Он ушел во двор, и было слышно, как он отдирает, чертыхаясь, доски от крыльца.
Мы открыли двери, затопили печь.
– Дед, – сказала Вера Севастьяновна. – Слезай. Сделаем тебе прививку.
– А на что, – ответил равнодушно дед. – Да я ж не выживу. Все одно с голодухи помру. Зря только медикаменты на меня стратите.
Но все-таки мы сделали ему прививку, проветрили хату и ушли, пообещав деду прислать хлеба.
Дальше пошло все хуже и хуже. Мы работали, стиснув зубы и не глядя друг на друга. Санитар вполголоса матерился, но никто не обращал на это внимания.
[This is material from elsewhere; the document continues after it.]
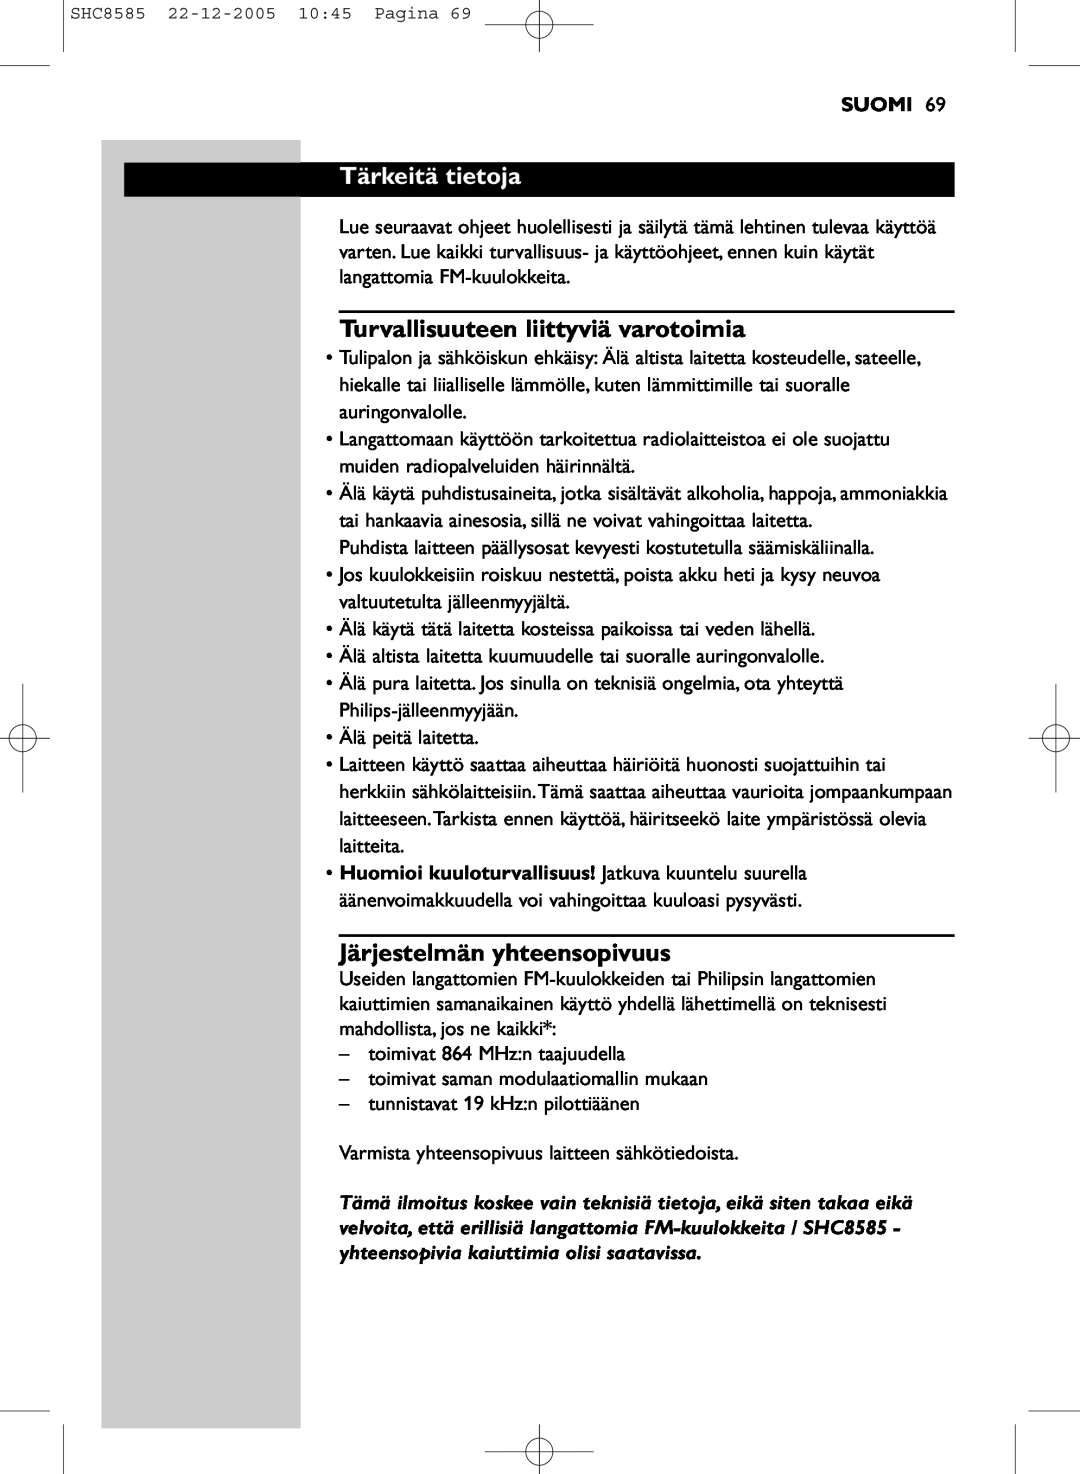 Philips SHC8585/05 manual Tärkeitä tietoja, Turvallisuuteen liittyviä varotoimia, Järjestelmän yhteensopivuus, Suomi 
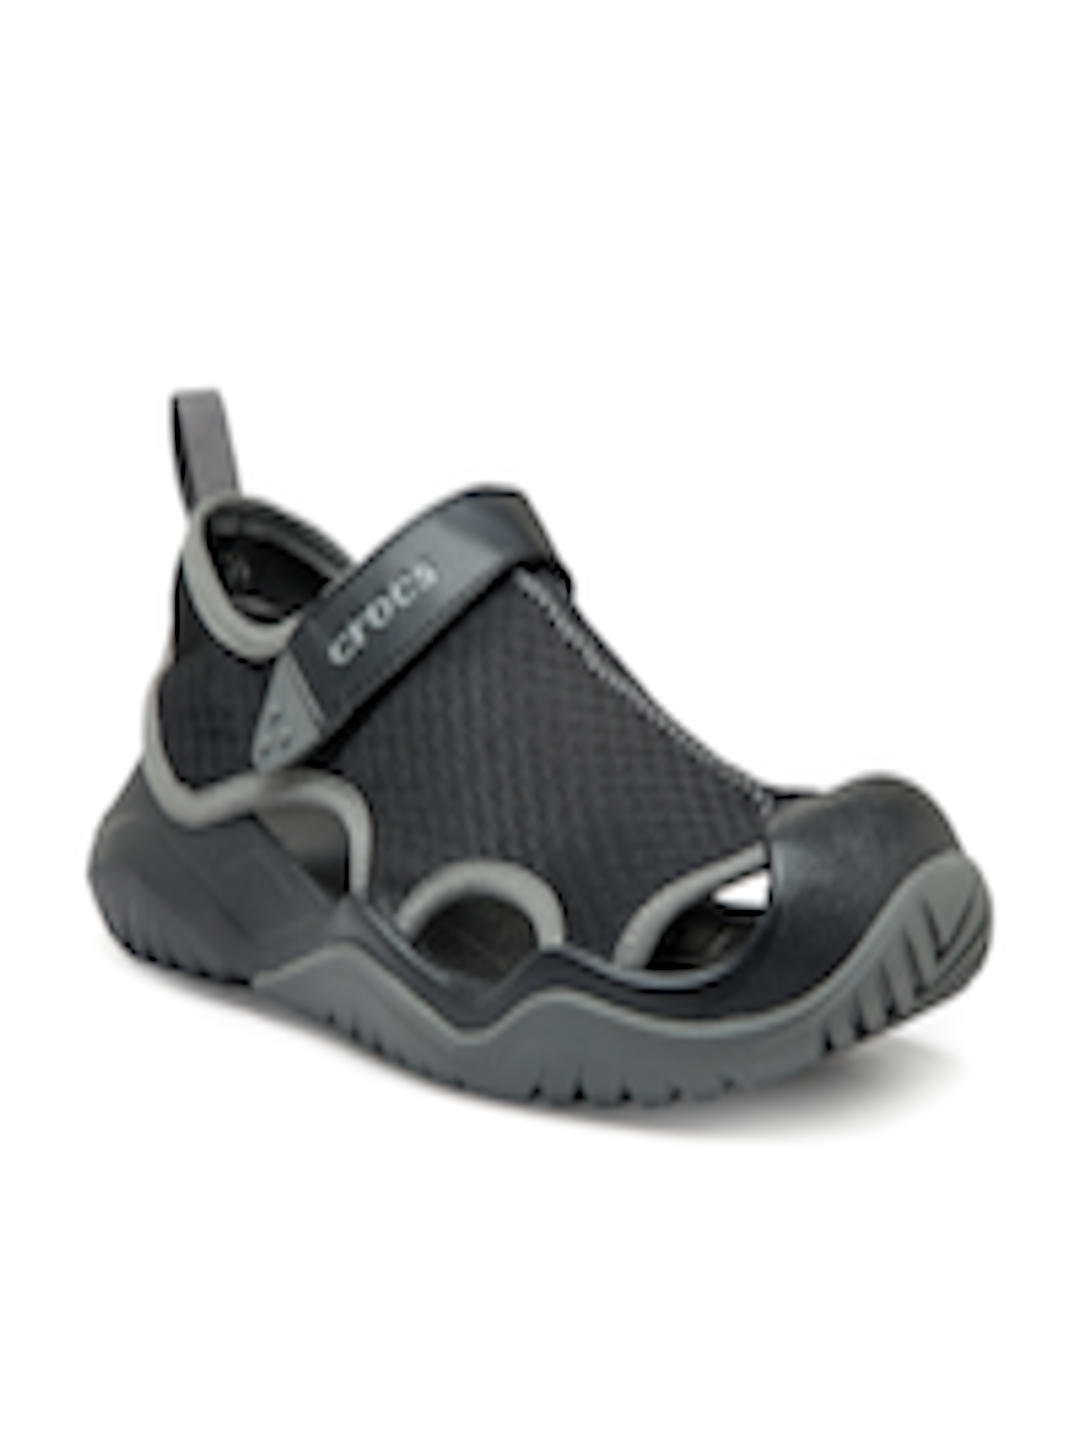 Buy Crocs  Men  Black Comfort Sandals  Sandals  for Men

Казалось, что всё вокруг – это черная оспа, принявшая самые разные формы.
– Все это бесполезно, – сказала наконец Вера Севастьяновна. – Никого спасти мы не можем. Здесь никогда не было прививок. И этот балаганщик, врач из летучки, конечно, был прав.
– Но как же так? – спросила Леля. – Что же делать?
– Самим не заразиться. И только.
– Ну, а с больными?
– Морфий, – коротко ответила Вера Севастьяновна. – Чтобы поменьше мучились.
Санитар сплюнул и длинно выругался.
Мы вернулись в стодол, и Вера Севастьяновна сделала всему персоналу прививки.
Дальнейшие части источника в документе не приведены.